▶ _Raw data_:

+--

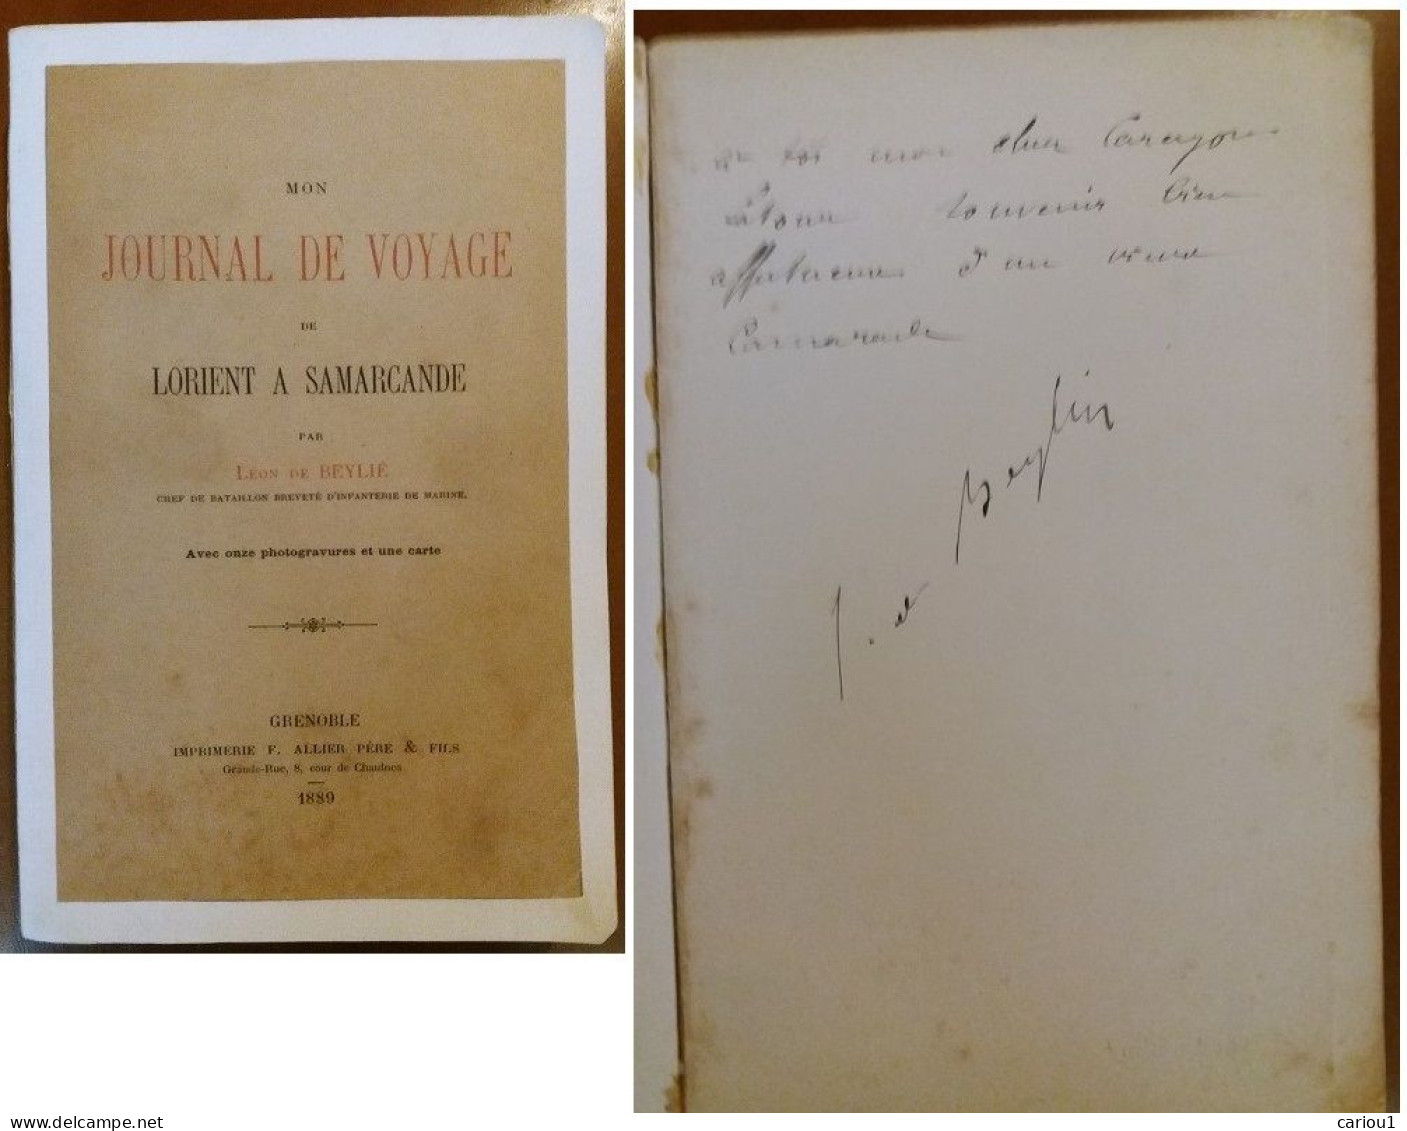 C1 Leon De BEYLIE Voyage LORIENT SAMARCANDE Musee GRENOBLE Signed DEDICACE Envoi Port Inclus France - Livres Dédicacés
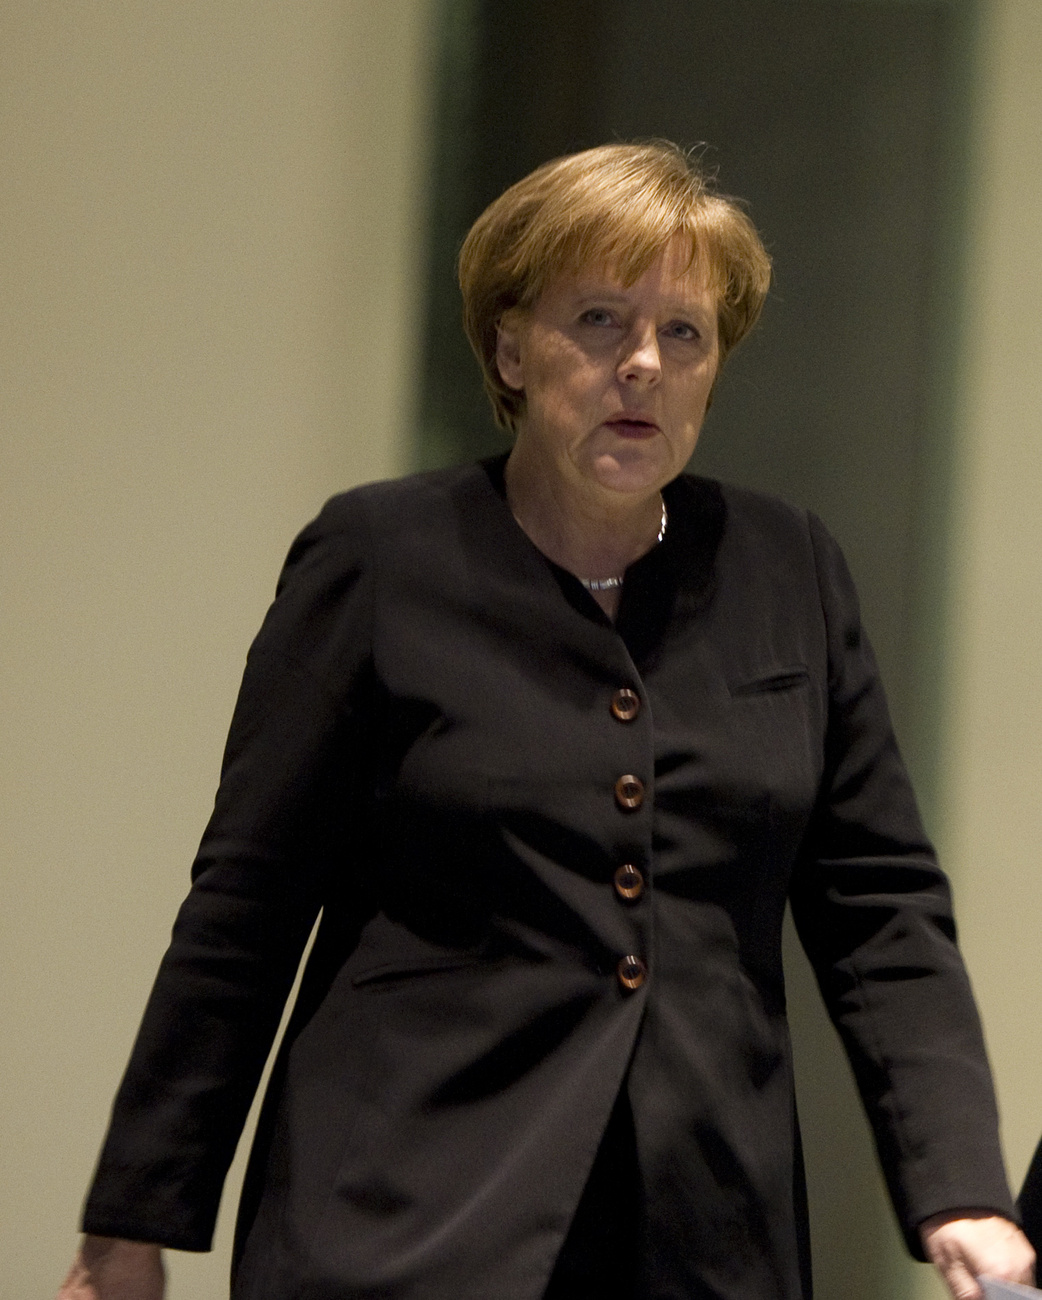 Angela Merkel német kancellár nagyon ijesztőnek nevezte Kadhafi beszédét, elsősorban azért, mert szerinte a líbiai vezető szinte hadat üzent a saját népének
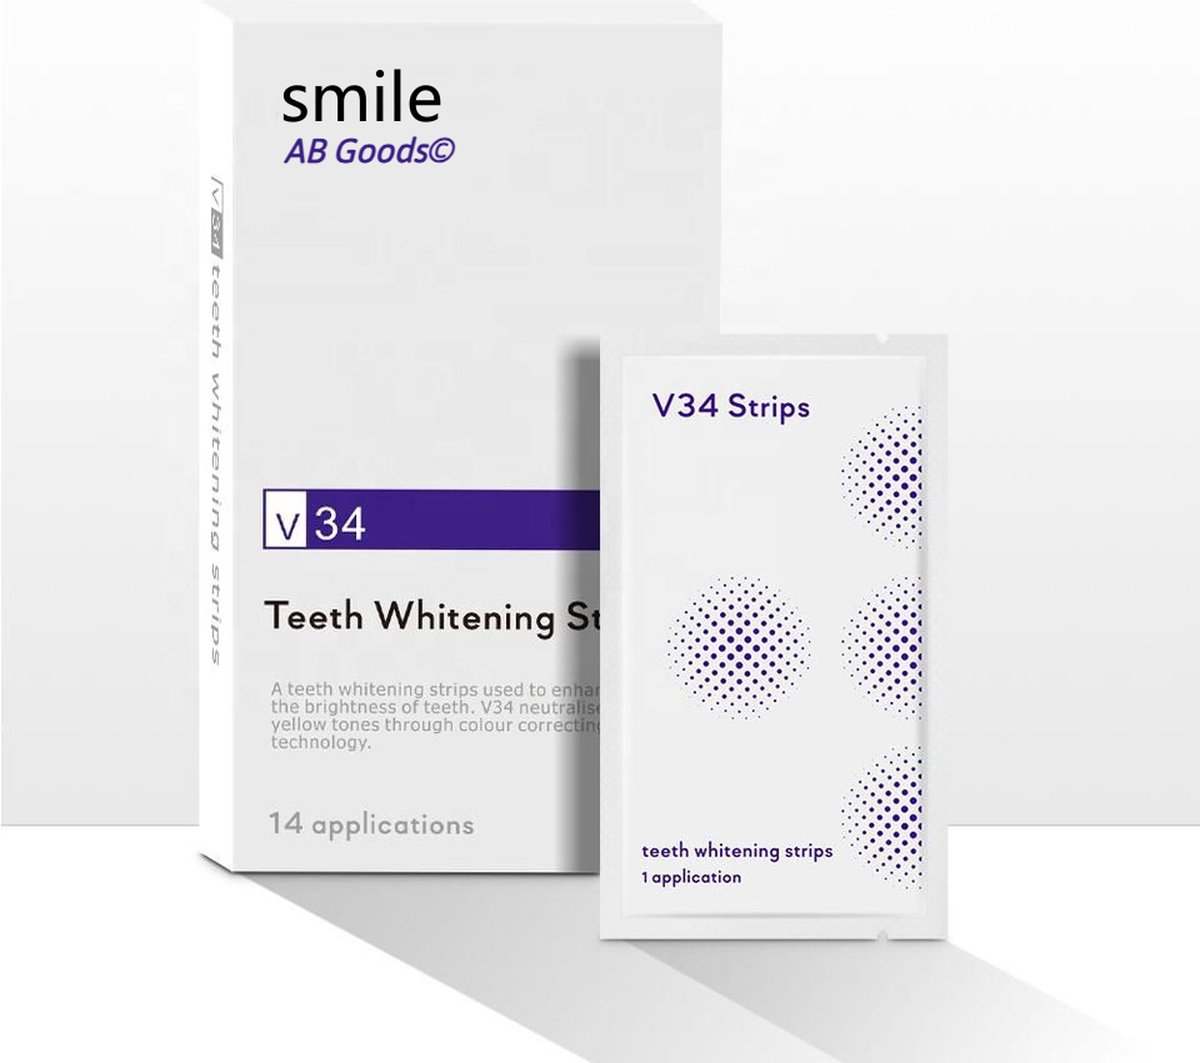 AB Goods© Tandenbleekset - Tanden bleken - Whitening strips - Tandenblekers - Tandenbleken - Tanden bleekstrips - Teeth whitening strips - Tandenbleek set

+--

▶ _Try it_:
Once the line containing "Angela Merkel német" has been copied, stop; everything from the first line of the data up to it must be copied exactly, without pictures.

▶ _Output of the task_:
 C1 Leon De BEYLIE Voyage LORIENT SAMARCANDE Musee GRENOBLE Signed DEDICACE Envoi Port Inclus France - Livres Dédicacés
 Angela Merkel német kancellár nagyon ijesztőnek nevezte Kadhafi beszédét, elsősorban azért, mert szerinte a líbiai vezető szinte hadat üzent a saját népének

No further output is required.